Arthur Giacalone, Ph.D.
Peak Performance Services
Peak Performance Services
Athletes
Individual Athletes
All of my services and interventions are custom tailored to your current needs and goals. The following are examples of the kinds of services I can provide the individual athlete:- Identify already functional mental & emotional peak performance skills to insure ongoing, sustainable levels of performance, with the goal of improving these skill sets and to bring about even greater levels of performance and competition
- Identify areas associated with mental and emotional peak performance that are problematic and interfering with your performance, with the intention of eliminating those behaviors and replacing them with reliable, tailored alternatives to bring out the best of what you have to give
- Identify areas of Sports Trauma that are directly impacting an athleteʼs performance, with the goal of dissolving emotional blocks associated with an ongoing slump cycle
*Please note that my peak performance services address the mental, emotional and behavioral aspects of performance only. Please contact a qualified coach or expert for help with specific sports mechanics and techniques.
Coaches
- Provide educational information and practical approaches to coaches who are interested in continuing their development and effectiveness by becoming more knowledgable about peak performance psychology and its applications at both the individual and team levels.
- Help coaches to identify on-going problematic psychological and emotional issues that could be interfering with an athleteʼs peak performance, with suggestions for appropriate intervention
- Provide brief educational modules to teams or organizations interested in the psychology of peak performance, flow and sports trauma
Sports Centers, Organizations & Media
- Dr.

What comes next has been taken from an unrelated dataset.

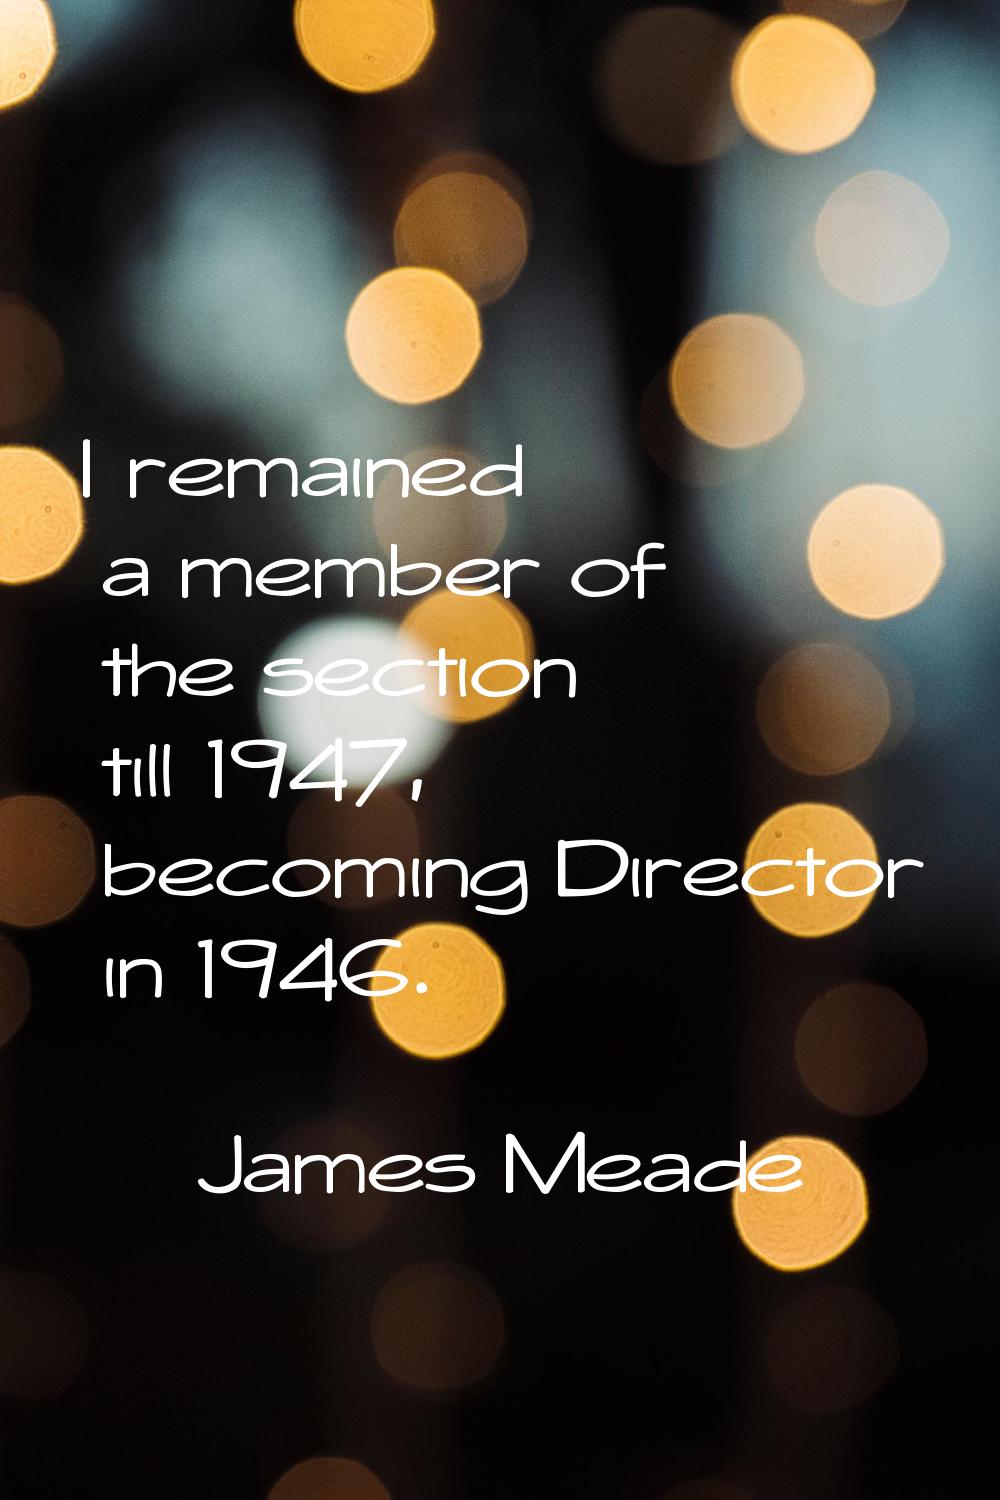 I remained a member of the section till 1947, becoming Director in 1946.

Giacalone is available for speaking engagements & training programs on various topics associated with sports psychology, peak performance, attention training, flow, motivation, emotional regulation, leadership & sports trauma.
Brainspotting
Brainspotting
What is Brainspotting?
Sports psychologists have recently assumed a significant role in helping athletes deal with a variety of performances issues. Conventional approaches in sports psychology pay close attention to an athlete’s dysfunctional thoughts and behaviors. A number of cognitive-behavioral techniques have evolved to address negative self-talk and imagery, lack of confidence, poor concentration and anxiety. While cognitive-behavioral approaches are often helpful, they remain within the domain of what has been called, “The Talking Therapies.”
Advances in Neuropsychology have given psychologists new insights into Repetitive Sports Performance Problems and how they can be treated. Performance issues are now seen as being rooted in an athlete’s emotional states and physical body. Emotional and physical experiences are the direct result of conditioned neural pathways in the brain that continually charge in response to certain cues and outer circumstances, but never discharge their energy so that the athlete can regain a baseline of composure for peak performance to take place.
Brainspotting is being recognized as one of the newest Brain Therapies...techniques and processes that directly address neurological conditioning in the brain that can lead to a number of the unwanted emotional and physical disturbances associated with repetitive sports performance problems: ranging from periodic slumps to full blow sports trauma.
How Brainspotting Works
Brainspotting is designed to directly release an athlete from traumatic activation associated with negative emotions such as anxiety, fear, freezing and panic. A typical Brainspotting session begins by asking an athlete to focus on what they would like to work on and where they are feeling activated in their emotions and body. The Brainspotting therapist then looks for how an athlete has stored emotional and physical stressors in the form of highly charged neurological and energetic pathways in the brain. This is done, in large part, through a series of specific observations regarding the athlete’s reflexive eye movements when asked to track a stimulus such as a pointer. While talking is necessary to guide and support the athlete through the Brainspotting process, a great deal of the athlete’s experiences of emotional and physical release take place effortlessly within the brain through complex processes of self-regulation.
Reported Outcomes
Athletes often report feelings of freedom from unwanted emotions and physical disturbance. Brainspotting is also used as a resource for finding emotional and physical stability in an athlete to help insure peak performance under competitive conditions in real time.